The study also showed that many of the undocumented workers began their work in Canada as "documented workers," including through the Temporary Foreign Worker Program (TFWP), and had become undocumented because of the conditions of servitude and arbitrariness that are the trademark of this program. Among other things, many temporary foreign workers whose employment contract with an employer is broken, whether through the employer terminating the contract or the worker leaving the particular job due to untenable conditions, remain in Canada as undocumented workers.

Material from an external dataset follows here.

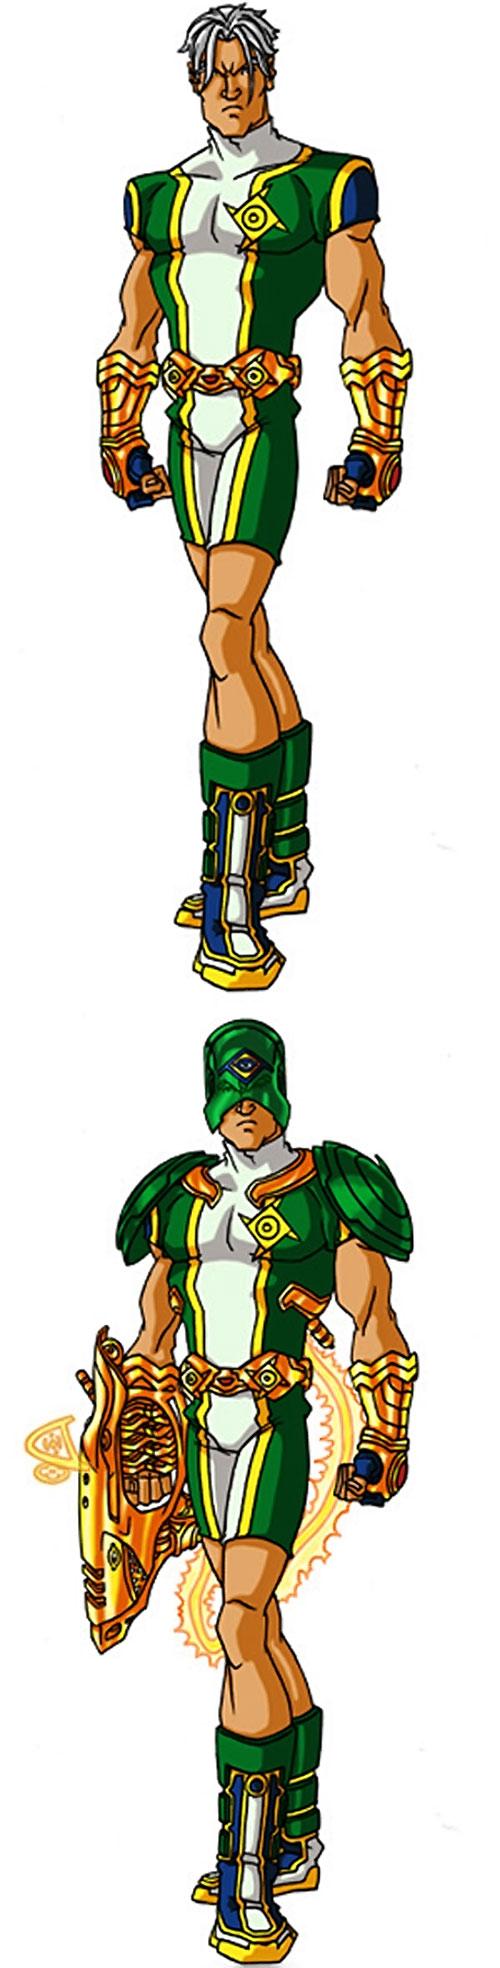 Marvel Boy (Noh-Varr) (Marvel Comics) by RonnieThunderbolts

Various governments present the situation facing temporary foreign workers as one governed by rules, unlike that of undocumented workers. They say, for example, that temporary foreign workers are covered by federal and provincial minimum labour standards laws, have access to many social programs and public services, and have a path to permanent residence, while undocumented workers, although working, are considered outside those laws and are criminalized as outlaws in a vulnerable state of lawlessness.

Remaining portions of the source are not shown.